Social media makes intimacy feel instant: you share, I heart, we exist inside the same joke. It’s low-risk, low-friction, and (let’s be honest) wildly convenient. You can maintain dozens of “friendships” between emails, in line at Sweetgreen, or at 1:03 a.m. from bed.
But friction isn’t a bug of friendship—it’s a feature. The logistics of meeting up, the awkwardness of a first coffee, the silence between sentences—those are the places where trust grows. Apps optimize away all that “wasted time.” Then we wonder why everything feels disposable.
The Cost: Loneliness in a Loud Room
When friendship lives mostly on screens, our social muscles atrophy. Asking, planning, and hosting start to feel like heavy lifts instead of simple gestures, so we stop practicing them. And then we stop believing we can.
Then, we lose context and nonverbal truth - the room’s temperature, the server’s eye roll, the playlist, all the small atmospheres that glue people together. We also get conflict-averse. It’s miles easier to mute a chat than repair a relationship. Screens let us disappear mid-disagreement and call it “space,” when what we actually needed was an awkward apology, a clarifying question, or ten quiet minutes across a table until the heat in our chest dropped a few degrees. Face to face forces reps in rupture and repair, DMs reward avoidance.
Ritual disappears, and with it, that gentle staircase from acquaintance to “text me when you get home.” Without third places—the bar, the café, the studio, the park—we lose the casual repetition that quietly turns proximity into history. And eventually we start to feel replaceable. In feeds, you’re one swipe from someone shinier, wittier, more “on.” Across a table, you’re one honest conversation from being seen. Algorithms reward novelty; friendships reward continuity. That difference changes how brave we are with each other.
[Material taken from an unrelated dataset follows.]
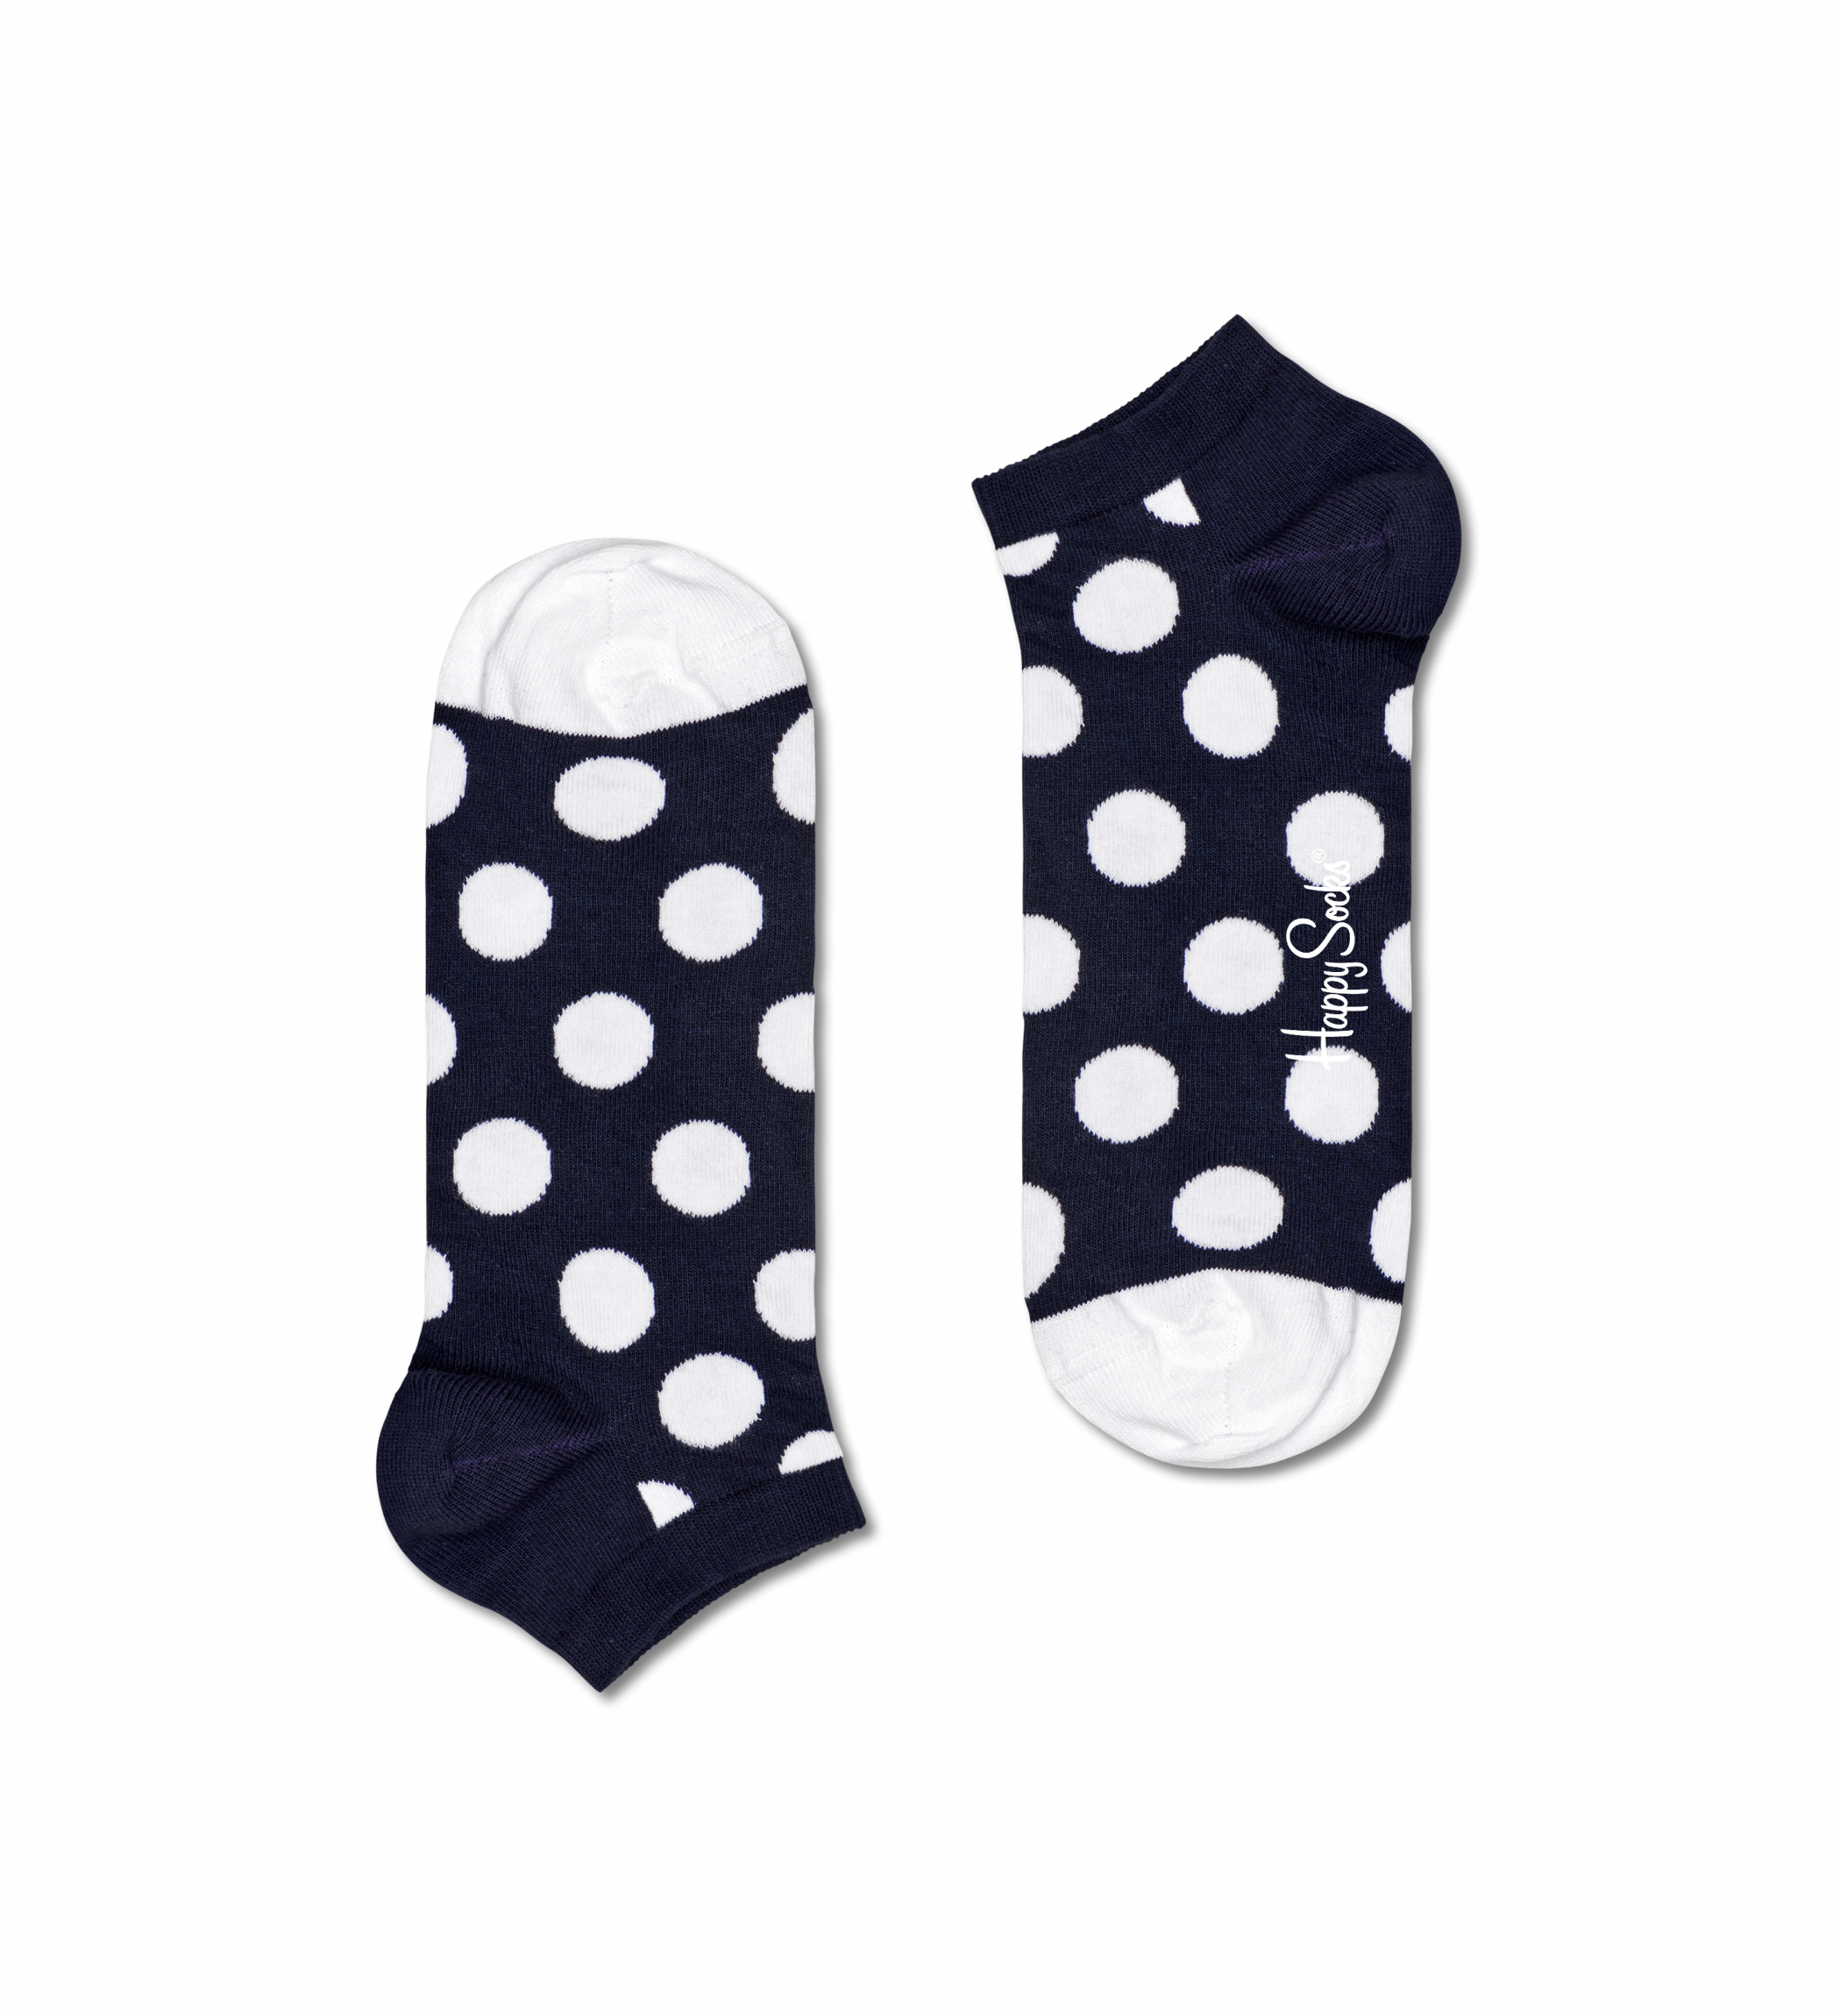 Modré nízké ponožky Happy Socks s puntíky, vzor Big Dot
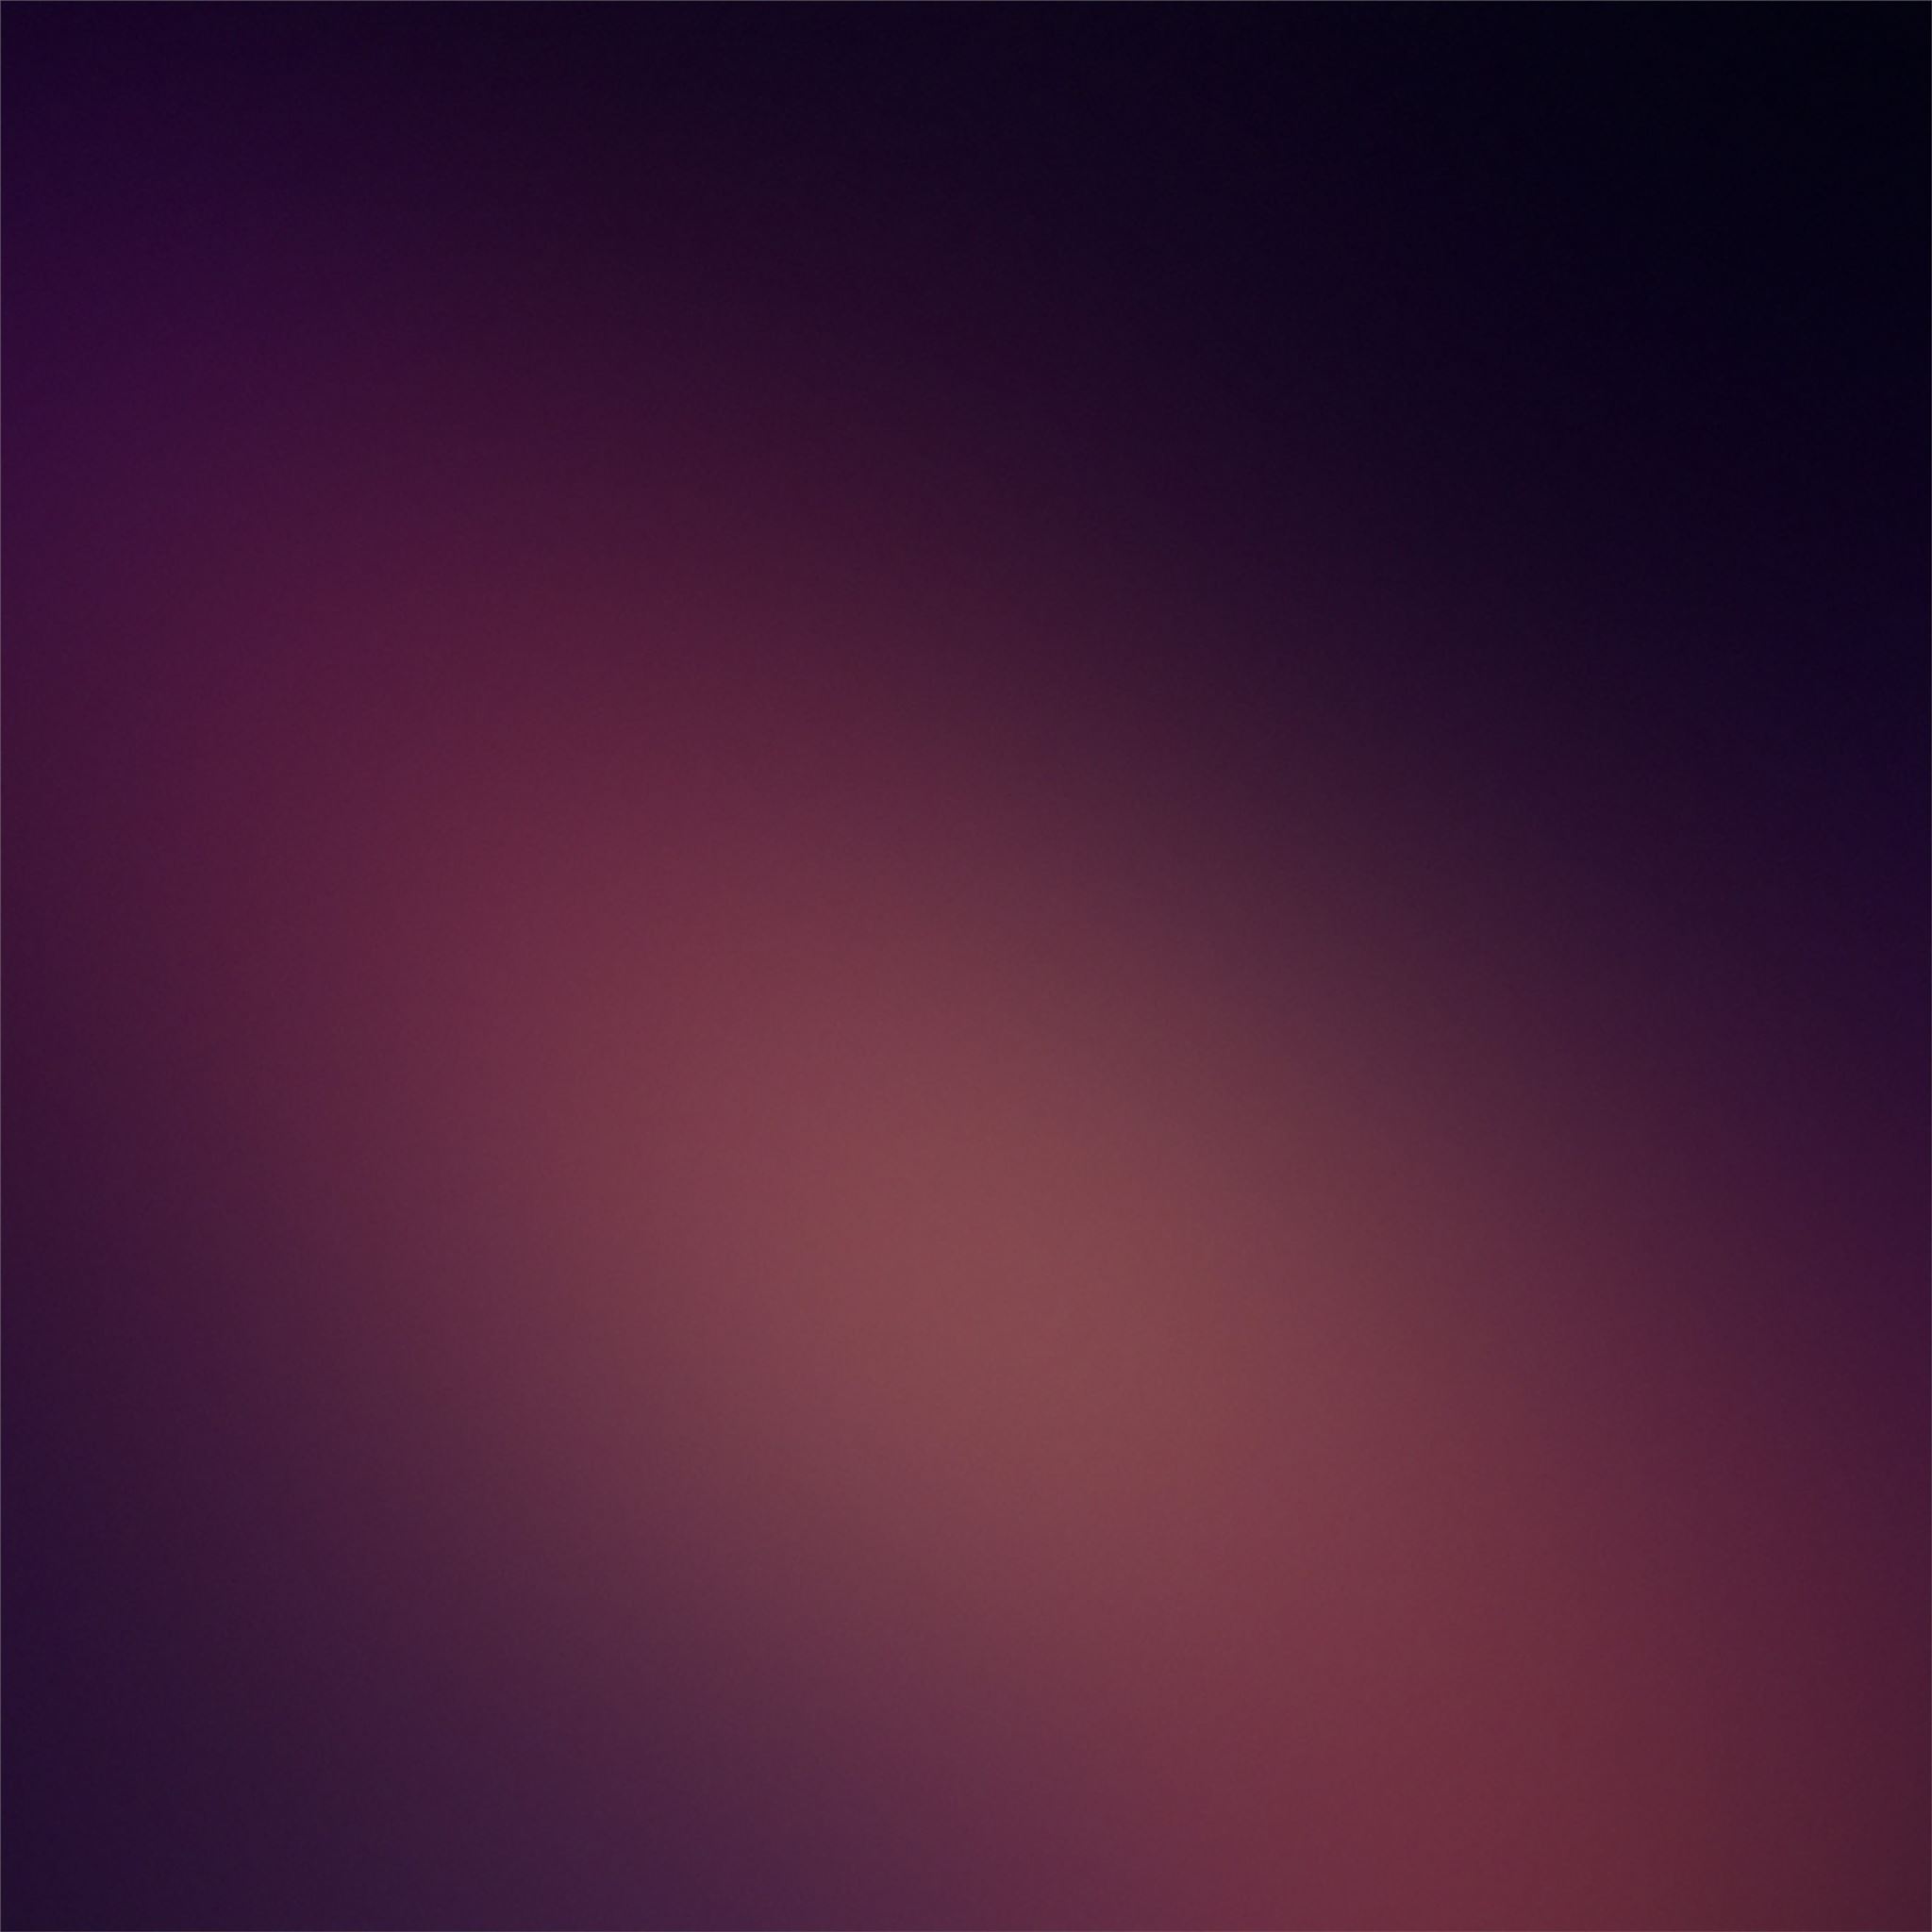 dark minimalist blur 4k iPad Wallpapers Free Download

How to Tell It’s Happening
You “talk” to people daily but can’t remember the last time you sat across from them. Plans feel heavy while reacting to Stories feels “enough.” You’re more comfortable typing a thoughtful paragraph than sending a three-line invite. You feel oddly jealous of people you never see. Your last five “hangs” were plans that never left the chat. If you’re nodding, you’re normal. But normal isn’t the goal. Connected is.
If you’re thinking, “But I love the internet,” great. Same. Keep it. Just use it as the tool it was intended to be, not a town square. This isn’t a call to delete apps; it’s a call to rebalance them. The best way to start, in my humble opinion, is with the 3–2–1 rule each week: aim for three light IRL touchpoints—a coffee, a walk, a class, a quick drink—then send two new, low-lift invites with a specific time and place, and protect one deeper hang where phones stay away and the window is longer.
Then, make lingering legal in your own routine. Choose two third spaces you genuinely like and show up at the same time each week for a month. Set phone culture, not phone bans: a bowl for devices at dinner, make the last twenty minutes of your day screen-free, or chuck it on airplane mode for one weekly walk. It’s astonishing how quickly these little habits can rewire your social life.
At the end of the day, friendship isn’t built by better captions; it’s built by better calendars. Pick a person, pick a place, pick a time, and go - awkward, underdressed, five minutes late, whatever. Order something to share. Ask one real question. Book the next one before you leave the table. Get the fuck off your phone and look up. Look around. Because whilst the internet can be where the spark starts, let your life be where the fire lives.